Northern Ireland’s Chief Planning Officer Fiona McCandless countered Mr Frawley’s misgivings by claiming that the new code of conduct that was drawn-up for councillors who sit on the new super-councils will ensure impartiality. The code stresses the importance of acting in the public interest at all times and specifies that no councillor should act in order to gain financial or material benefit. A section that specifically refers to planning has also been included. Ms McCandless has said of the transfer of planning powers to councils: “We have done a huge amount of work in terms of making sure the necessary procedures are in place to ensure that there is accountability in order to secure confidence in the system”.
However this new code of conduct and the procedures that have been introduced to councils are not universally popular. Belfast City Councillor Claire Hanna, for example, was unconvinced when I interviewed her:” I’m not yet persuaded that the changes will be effectively worked between a restrictive code of conduct (particularly as regards advocacy on planning) and potential log-jam from the ‘call in’ (qualified majority voting) mechanisms, which are likely to be abused in a similar manner to the petition of concern at Stormont.”
Others are aware that a balance between bureaucracy and transparency must be reached: Councillor John Hussey was clear on this matter when I spoke with him: “people worry that poor or dubious decisions will be made if the members of the Planning Committees don’t properly understand their role and function. To prevent this, a great deal of training has been given to Councillors who will serve on the Planning Committee which should ensure they make proper and fair decisions.”
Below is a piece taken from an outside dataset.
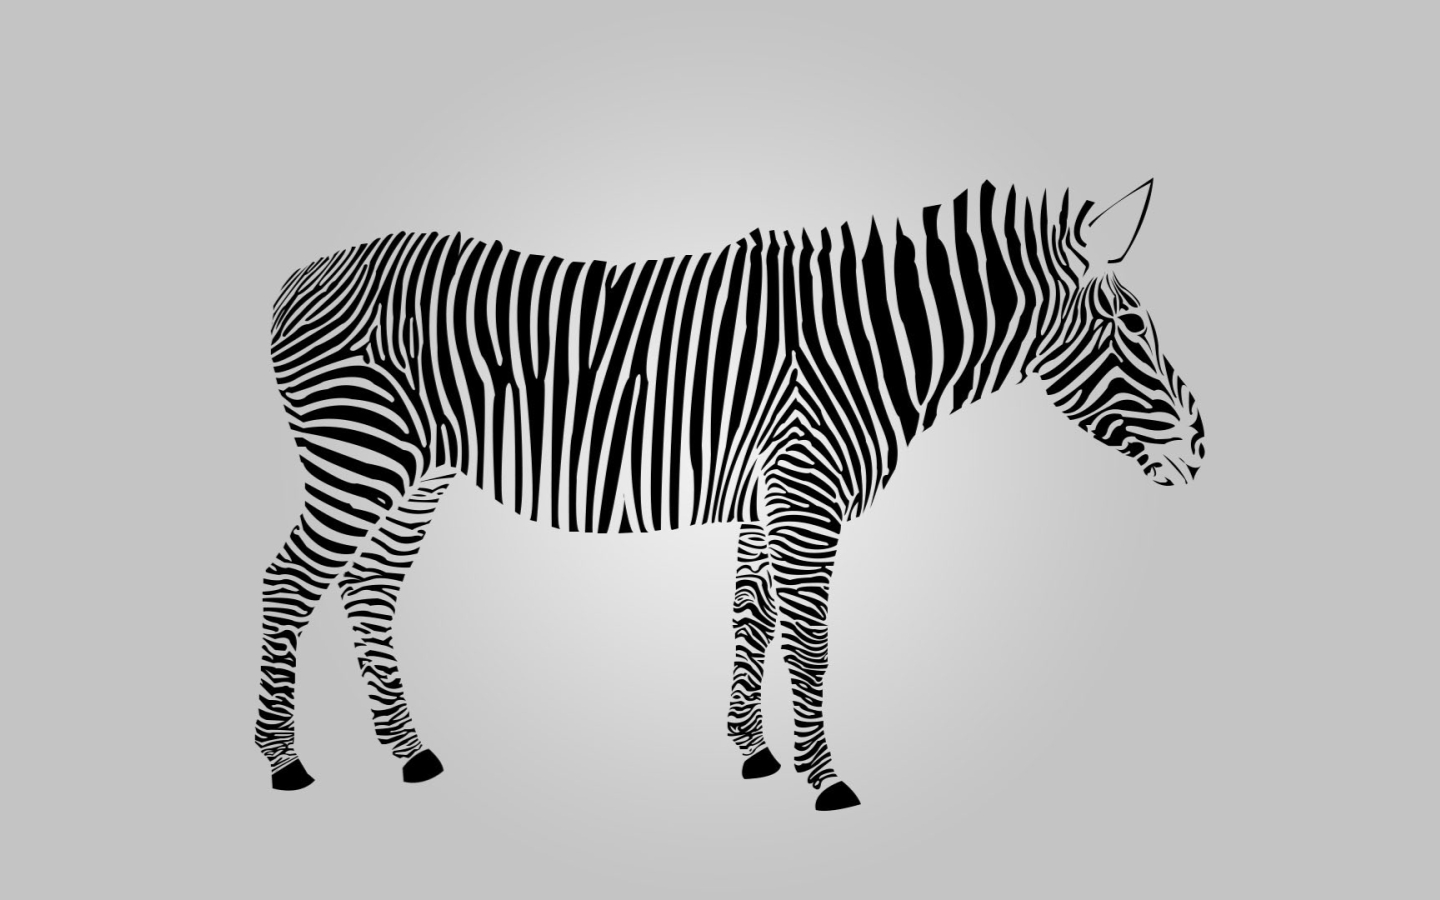 Zebra High Definition - HD Wallpaper 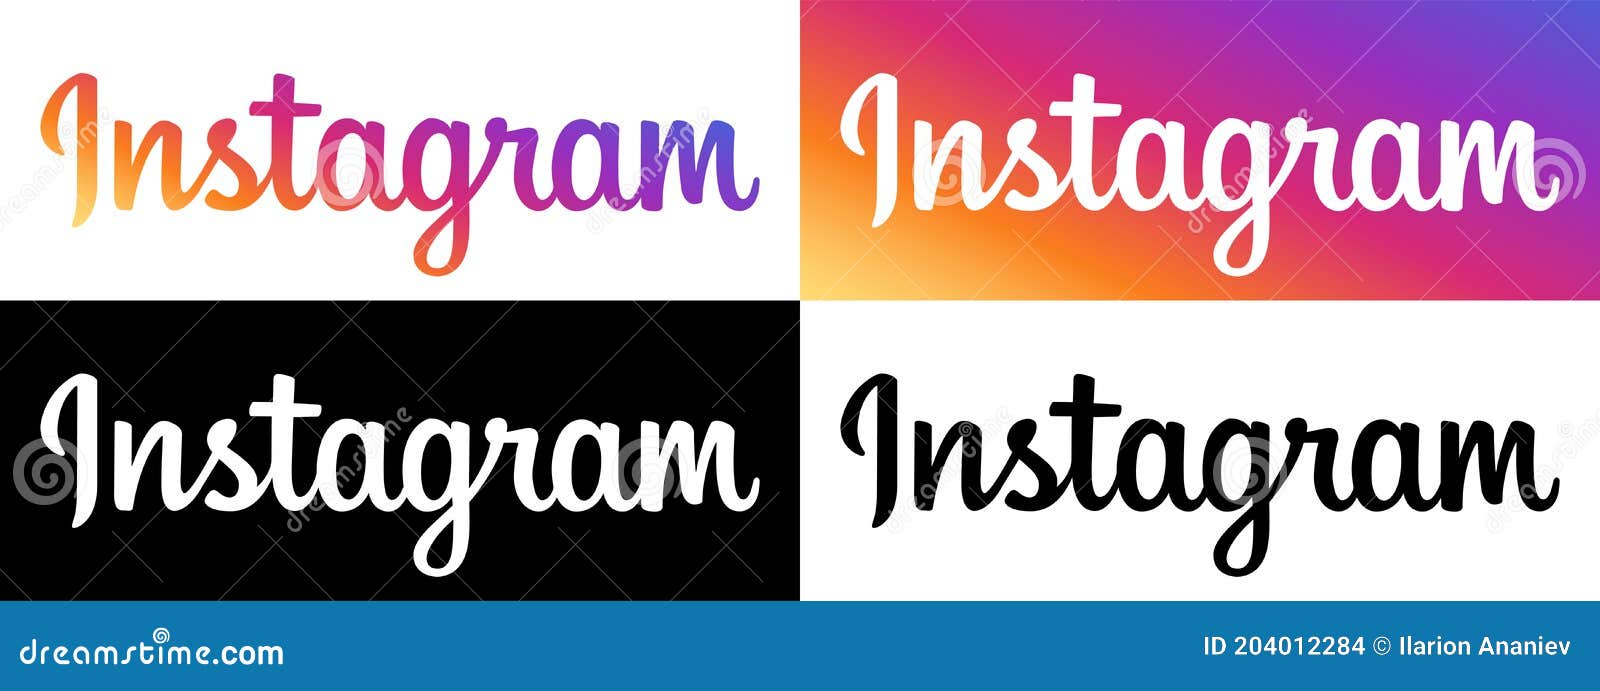 Instagram logo vector: Logo Instagram đã được thiết kế với độ chính xác và chi tiết cao hơn bao giờ hết! Sử dụng vector trong logo giúp Instagram trông rõ ràng hơn và tạo ra một độ tương phản cao hơn với các phông chữ khác. Điều này đảm bảo rằng Instagram vẫn là một trong những thương hiệu đáng tin cậy nhất trên internet.

On the question of possible venality in the planning process Cllr Hussey said: “The potential for corruption in the administration of government functions is always a concern. However there is less possibility of corruption in a planning system which is entirely open to the public as this new system is, than in the previous system where planning decisions were taken by civil servants acting alone and out of public view.”
The Northern Ireland Local Government Association is keen to emphasise the great gains that will come with planning reforms: Chief Executive Declan McCallan has said that there will be no “poverty of ambition” from politicians and rate payers alike. The potential for regeneration is being held-up as the legacy of new council powers and politicians have only to point to the transformation of Manchester, where the city council were given development responsibility, to show what can be achieved.
Despite controversy and apprehension for better or worse these powers have been devolved and only time will tell whether this move will lead to regeneration and growth, or exploitation and ineptitude.